Robustness and generalizability of model performance. Our post hoc analysis suggests that the potential for training models overfit to the test set was not a significant confounding factor, even when participants were allowed to submit an unlimited number of models and obtain real-time scores for each submission. Comparison of the same models across multiple rounds of evaluation suggests a surprising degree of consistency between the unlimited submission phase and independent evaluations in the held-out METABRIC data and newly generated OsloVal data. This is especially remarkable because the OsloVal samples were collected from a different geographical location, by a different team, at a different time, and for a different purpose—in contrast to studies such as MAQC-II (36), in which the test sets and training sets were collected and processed by the same team and organization.

The distribution of CI scores improved with each round of evaluation, and the highest-scoring models in the OsloVal evaluation achieved higher CI scores than any of the 1400 models evaluated in either of the METABRIC phases. This apparent counterintuitive result can likely be explained by the fact that the average follow-up time for the OsloVal cohort is 4541 days, much longer than the average follow-up time of 2951 days for METABRIC. The rate of censored events is also lower in OsloVal (27.7%) than in METABRIC (55.2%); therefore, the proportion of long-term survivors scored in OsloVal is larger than that in the METABRIC validation set. Because the long-time survivors are better predicted (Fig. 5D) than the short-term survivors, the CIs associated with the METABRIC data are biased to shorter-time survivors and lower CIs.

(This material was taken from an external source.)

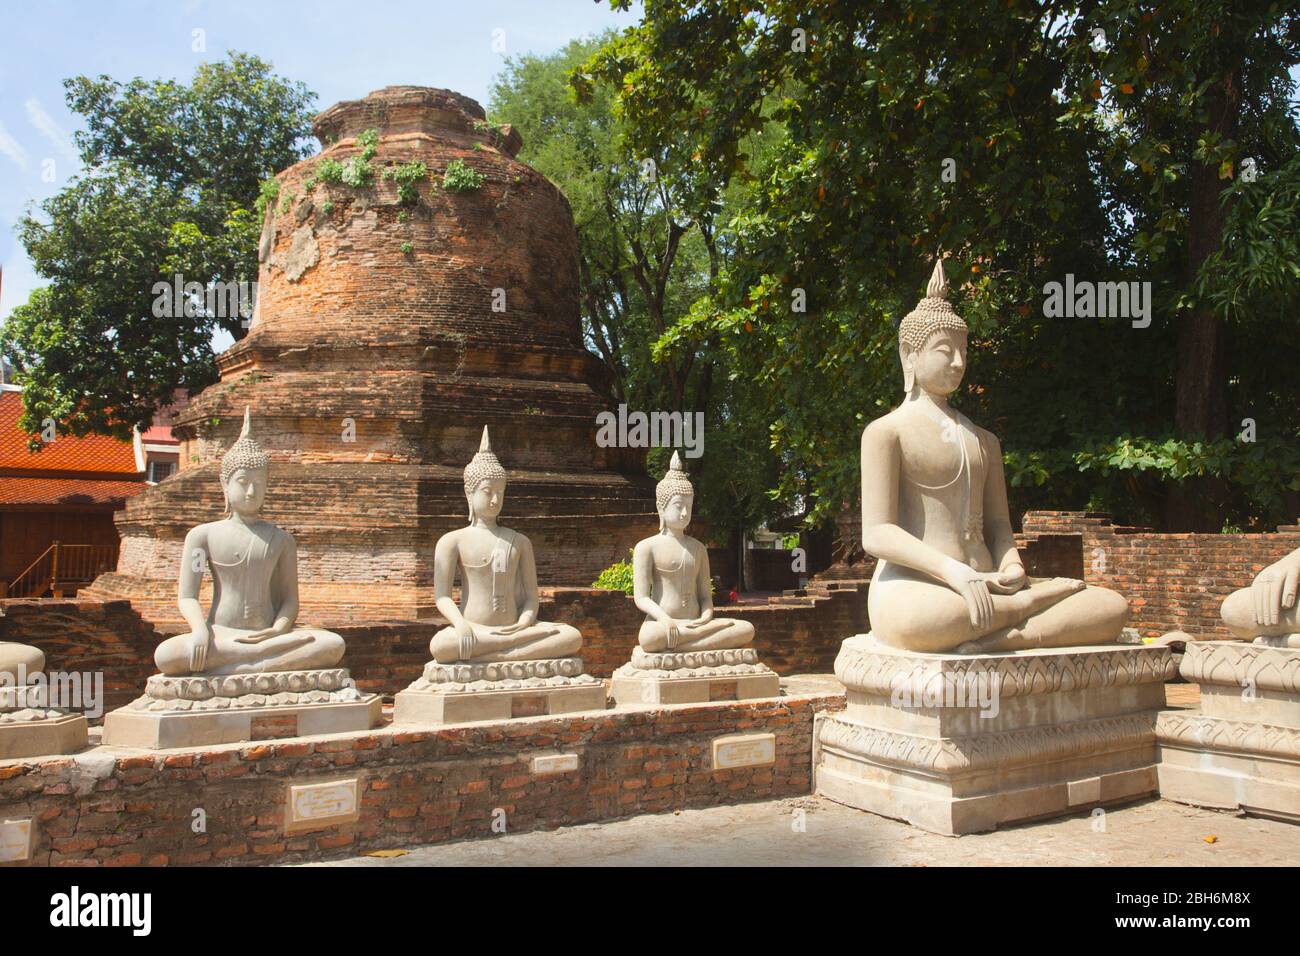 Buddha-Statuen in Ayuttaya die antike Stadt und ehemalige Hauptstadt von Siam, heute Thailand, wurde 1767 in einer Schlacht mit Burma zerstört Stockfoto

The consistency of model scores across our three evaluations does not conclusively rule out some degree of overfitting, and, as with any scientific study, the generality of our findings will be continuously refined through sustained scrutiny in subsequent studies throughout the research community. However, the consistency of model performance across independent evaluations provides strong initial evidence that the findings of our study are likely to generalize to unseen data.

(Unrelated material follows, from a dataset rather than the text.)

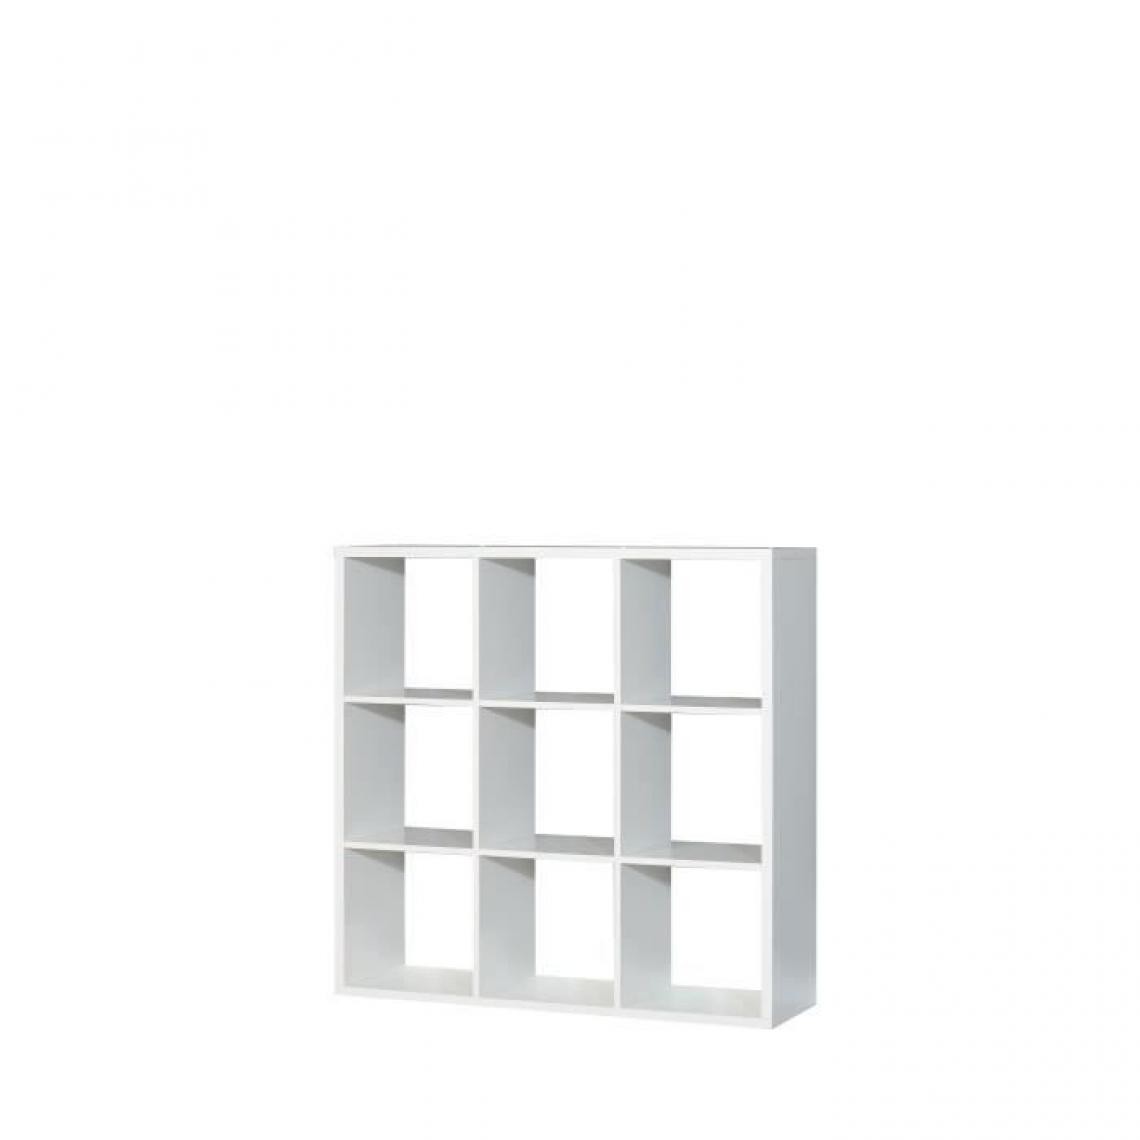 Cstore - Etagère 9 niches - Décor papier blanc mat - MAURO - Etagères

Robust performance of community models. Consistent with results of previous DREAM Challenges (3134), the current study suggests that community models, constructed by aggregating predictions across many models submitted by participants, achieve performance on par with the highest-scoring individual models, and this high performance is remarkably robust to the inclusion of many low-scoring models into the ensemble. This result suggests that crowdsourcing a biomedical prediction question as a Challenge and using the community prediction as a solution is a fast and sound strategy to attain a model with strong performance and robustness. Intuitively, such an approach leverages the best ideas from many minds working on the same problem. More specifically, different approaches that accurately model biologically relevant signals are likely to converge on similar predictions related to the true underlying biology, whereas errant predictions resulting from erroneous approaches are less likely to be consistent. Thus, ensemble models may amplify the true signals that remain consistent across multiple approaches while decreasing the effects of less-correlated errant signals.

### Contributions of BCC to the community

Challenge design. In designing BCC to incentivize crowdsourced solutions that might improve breast cancer prognostic signatures, our aims included continuous participant engagement throughout the Challenge, computational transparency, and rewarding of model generalizability. To accomplish these aims, respectively, we provided a framework that allowed users to make submissions and obtain real-time feedback on their performance, required submission of source code with each model, and provided multiple rounds of evaluation in independent data sets.

A common framework for comparing and sharing models. The model evaluation framework and CI scores calculated for models submitted during the Challenge provide a baseline set of model scores against which emerging tests, such as the PAM50 (37) risk of recurrence score and future prognostic models, may be compared.

The requirement for submission of publicly available source code provided an additional level of transparency compared to the typical Challenge design, which requires users to submit a prediction vector output from their training algorithm. We envision that sharing source code from multiple related predictive modeling Challenges will give rise to a community-developed resource of predictive models that is extended and applied across multiple projects and that might facilitate cumulative scientific progress, in which subsequent innovations build off of previous ones. It was encouraging to discover that participants learned from both well-performing and poorer-performing models. For example, the top-performing team consistently used the discussion forum to share with the other teams the prognostic ability of their Metagene features. Some of the other teams used aspects of the best-performing team’s code to improve their submissions, which in turn gave feedback to the best-performing team on the use of their methods by the other challenge participants.

Innovations from the community. Through the transparent code submission system and communication tools, such as a community discussion forum, the Challenge resulted in numerous examples of sharing and borrowing of scientific and technical insights between participants. At one point, we tested whether a cash incentive could be used to promote collaborative model improvement and offered a $500 incentive to any participant who could place atop the leaderboard by borrowing code submitted by another participant (in addition to$500 to the participant whose code was borrowed). In less than 24 hours, a participant achieved the highest-scoring model by combining the computational approaches of the previously highest-scoring model with his clinical insight of modeling LN status as a continuous, rather than binary, variable. Unanticipated innovations also emerged organically from the community, including an online game within a game (http://genegames.org/cure), in which a player and a computer avatar successively select genes as input features to a predictive model, until one model is deemed statistically significantly superior to the other in predicting survival in the held-out data sets. This game attracted 120 players within 1 week, who played more than 2000 hands.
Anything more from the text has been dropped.